Buck: Two worthy stars’ careers at an end


A common outlook on the relationship between sports fans and their rooting interests is to cheer for one’s favorite team only; idolizing athletes foremost is perhaps dangerous.

Like everyone else, they are susceptible to faults and imperfections. Care too much or believe too deeply in the superlatives and almost all of them will ultimately let you down.

And that is how this writer has elected to feel … for the adage has been realized far too many times.

Two of the best point guards in college basketball, however, are shining, contrarian beacons to the notion that this cynic has held for far too long.

The collegiate basketball careers of Kendrick Perry and Aaron Craft are at their ends. Perry, an Ocoee, Fla. native, carried a Youngstown State program for four years before last last week’s gut-wrenching overtime loss at Oakland (Mich.) in the Horizon League tournament.

Craft’s Ohio State Buckeyes will be a longshot to advance deep in the NCAA Tournament after an inconsistent season hurt by transfers and defections for the NBA.

But watching both players will their teams and their programs, and doing it with incredible class on and off the court, will reverberate long after they have left their respective universities.

Players, but more so people, like them are what make rooting for athletes truly fun once in a while.

Perry and Craft are both invaluable to their teams, but in completely different ways.

Perry has an all-around offensive arsenal that should, according to a colleague, find him a spot on an NBA team. This season he averaged 21.3 points per game, 4.4 assists, 2.4 steals in over 36 minutes on his way to all-conference honors in national obscurity. He is near the top of almost every statistical category in the YSU record book.

It is a wonder how YSU coach Jerry Slocum plucked him out of Florida before major college programs recruited him toward brighter lights and the bigger stage before he became a once-in-a-generation talent at YSU.

Craft, a Findlay legend who nearly beat Ursuline in the 2008 Division IV state football final, is possibly too famous; a player whose publicity exceeds his abilities, but never his all-out effort. He is the most polarizing player in college basketball for those reasons. His offensive game, limited by a mediocre jump shot, is at its best when he can assist reliable scorers (he set the Ohio State record) or drive to the basket on broken plays.

But there’s probably not a better defender in college basketball. Craft is simply the best on-ball defender in the country. He takes over games with relentless defense and his physicality set the Big Ten record for steals while infuriating opposing fans.

He has been the rosy-cheeked face of one of the most consistent basketball programs of the past decade.

Two very different players, but two people whose impacts are much greater than their basketball accomplishments will show.

Perry will make a career of basketball if he so chooses. Slocum and every other basketball mind who has watched him play could only gush about what an ambassador he has been for YSU, the program and a university that has needed a smiling face. Unbeknownst to many, he has been named to the Horizon League and YSU honor roll six times and has earned Academic All-Horizon League status this season.

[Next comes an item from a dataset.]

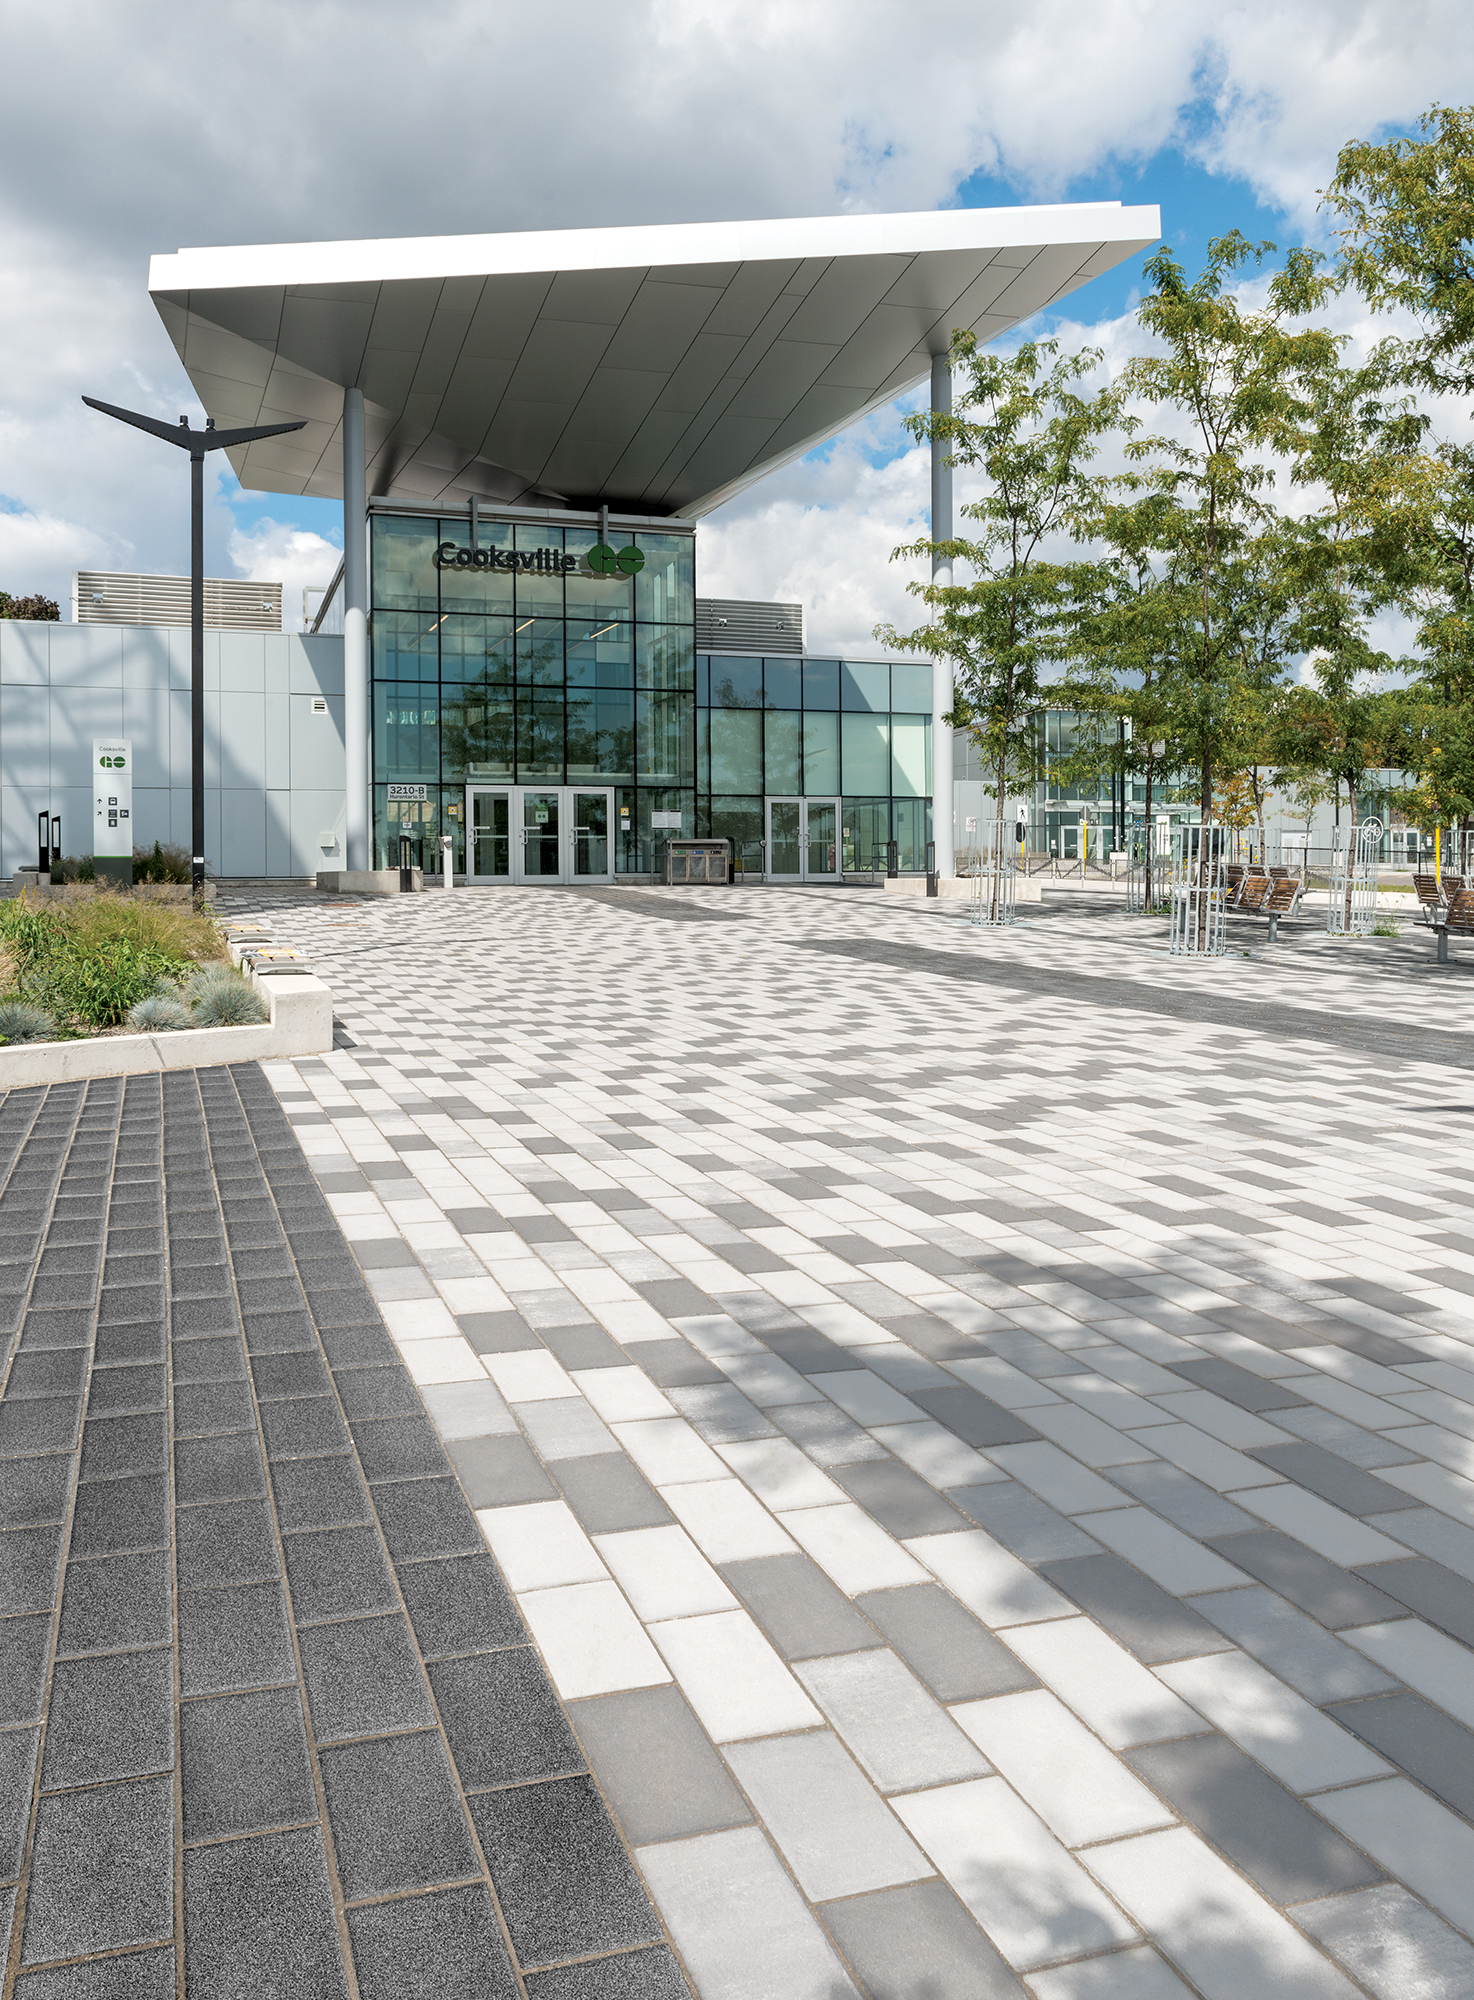 Tri-colored Promenade Plank pavers lead toward the Cooksville Go station, mimicking the building's modern architecture.

Small crowds, rough winters, losses and injuries never once slowed him down.

Craft, who has been filmed on national TV solving a rubik’s cube in under 60 seconds, is a four-time Academic All-American who plans to study medicine once basketball runs its course.

Mentions of his academic prowess and beloved status on campus are as common during TV broadcasts as his diving attempts for loose basketballs, like the game-saving play he made to beat Michigan State on Sunday. Esteemed Spartans coach Tom Izzo said it was “an honor to coach against him.”

It has undoubtedly been an enjoyable four years, the likes of which fans of both teams will not see again.

To the next generation of aspiring stars: you’ve got some big shoes to fill.